In 1995, Neuger joined AIG, where he came to oversee its global investment portfolio In seven years, Neuger had grown AIG Investments into a company with $753 billion in assets. Neuger focused on building the alternative business of hedge funds and private equity both in developed markets and emerging markets. The company had 45 asset management offices around the world, spanning Asia, Latin America, Africa, Europe and USA.

In his book Griftopia, Matt Taibbi laid a substantial portion of the liquidity crisis at AIG directly on Neuger's doorstep. According to Taibbi, in Neuger's desire to increase profits, Neuger directed his unit to invest collateral from securities lending into mortgage-backed securities, a move which Taibbi described as "moronic".

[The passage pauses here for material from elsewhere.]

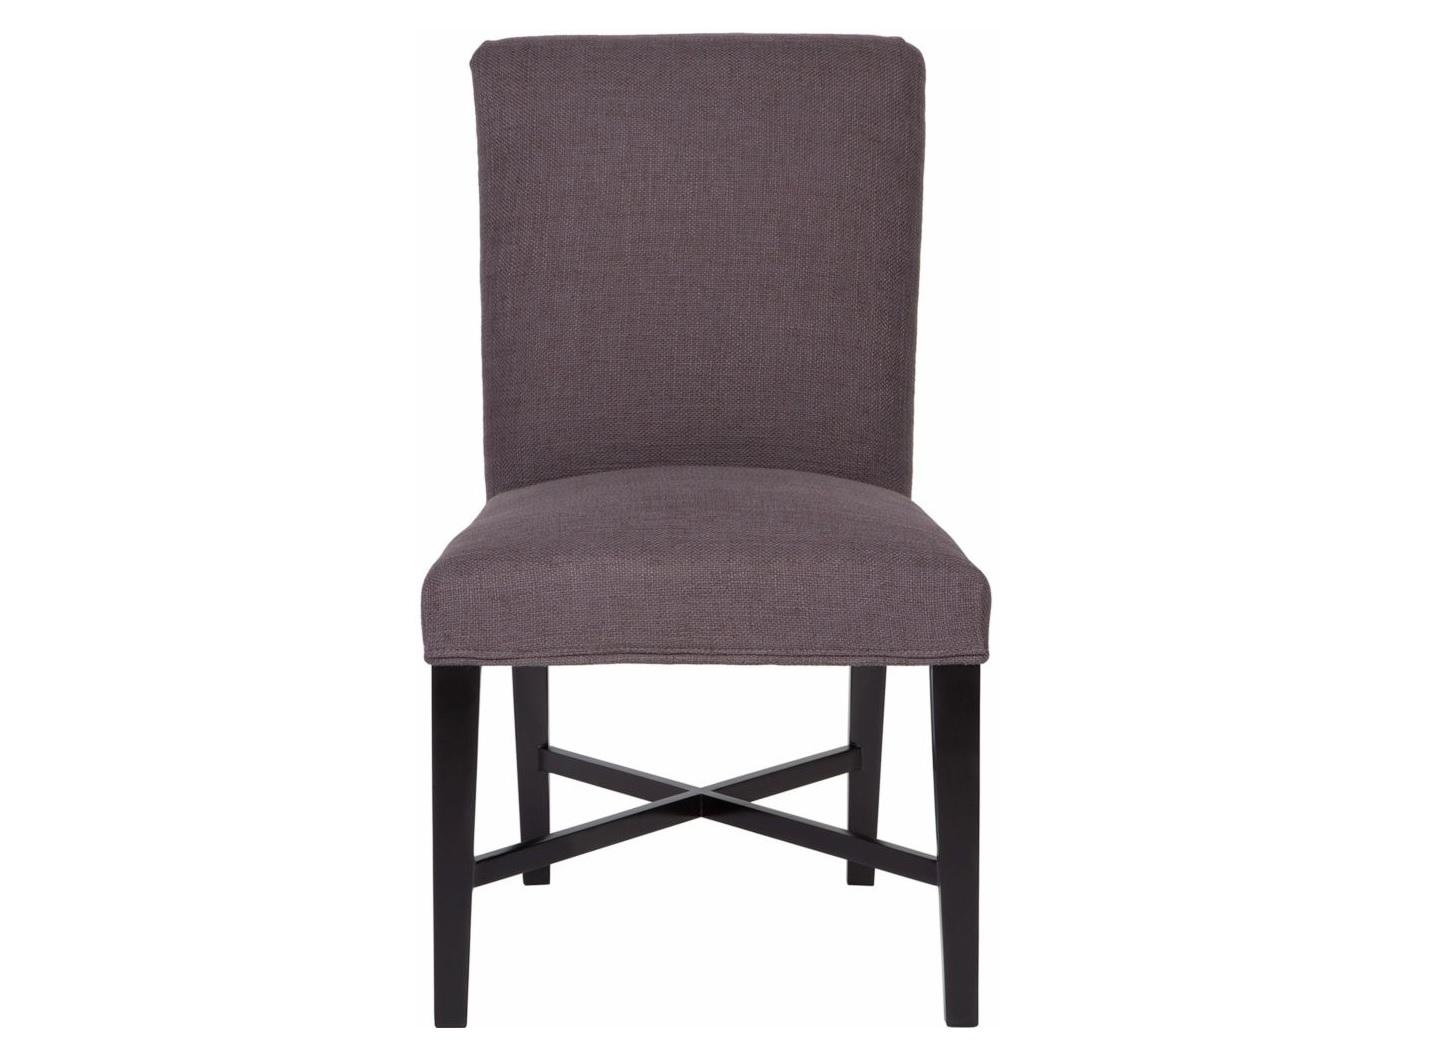 Кухонный стул M-Style 15433566 от thefurnish
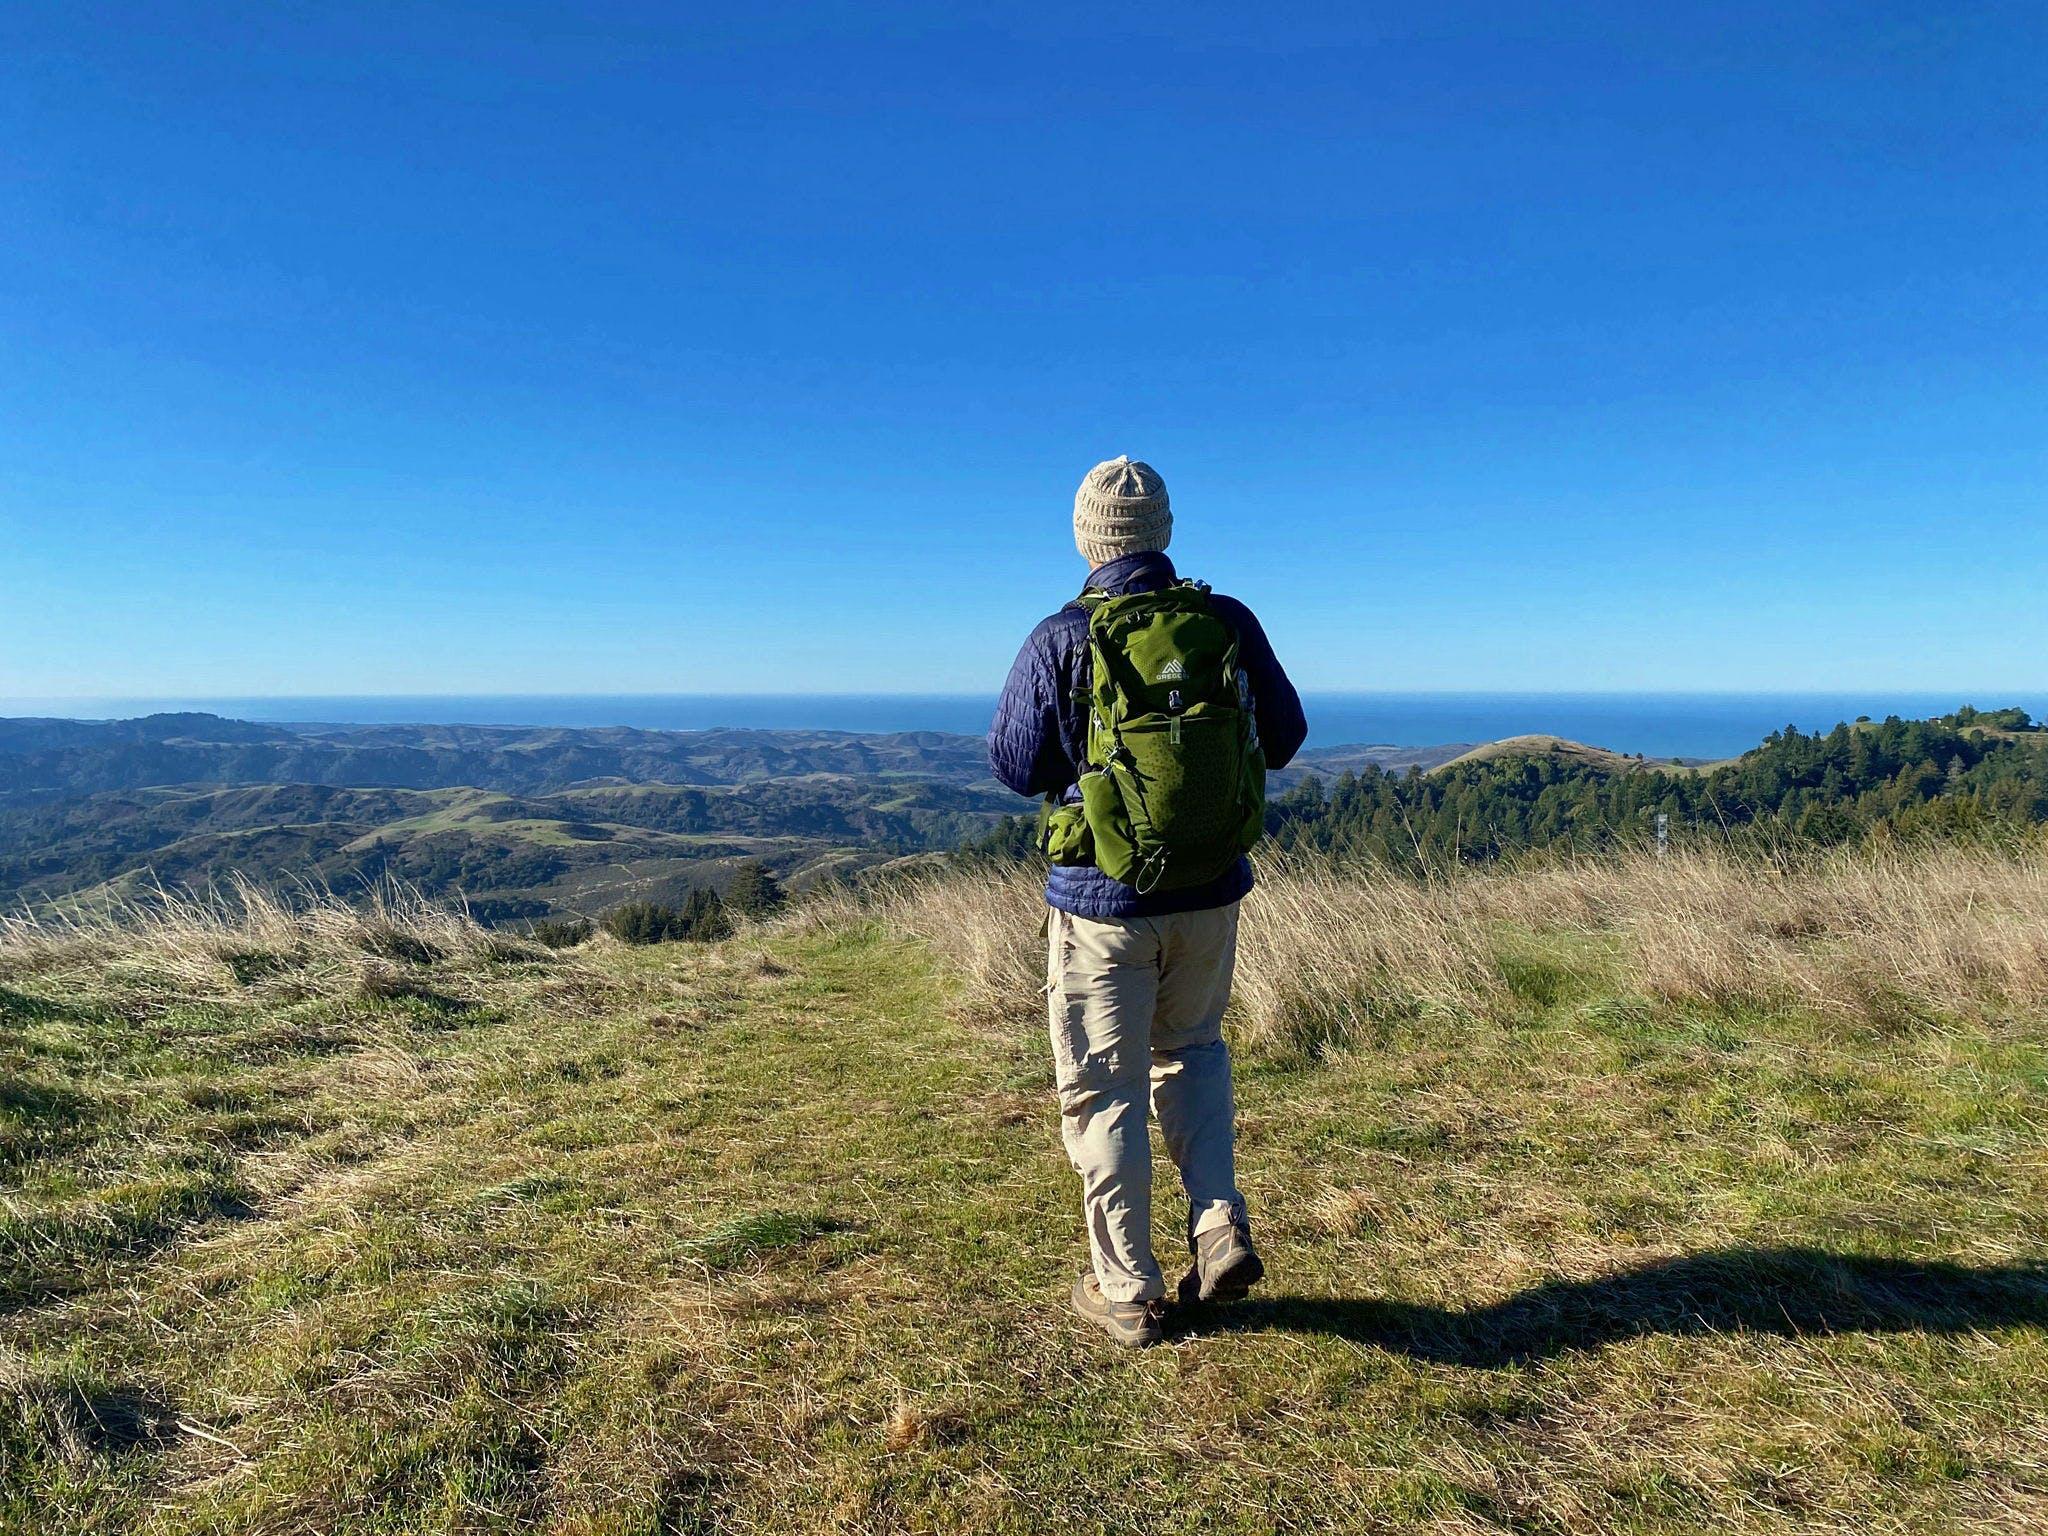 Man standing at viewpoint overlooking Santa Cruz Mountains at Upper La Honda Creek Preserve

AIG Global Investment Corporation was eventually sold to Pacific Century Group, and Neuger remained as CEO. He retired as the Vice Chairman of the company in 2013.

==Philanthropy==
Neuger was the co-chair of the board of directors of Youth, I.N.C. which in 2011 recognized him at its annual gala. Steve K. Orr, the executive director and founder of Youth, I.N.C., stated "Win's passion and drive to build Youth, I.N.C. into a first class organization has been transformational and has impacted the lives of innumerable city youth."

Neuger is the treasurer and finance chair on the board of the Robert Toigo Foundation, serves on the investment committee of the Margaret A. Cargill Foundation, and is on the board of overseers at the Tuck School of Business at Dartmouth.

== Personal life ==
Neuger is the son of a public relations executive and grew up in Edina, Minnesota.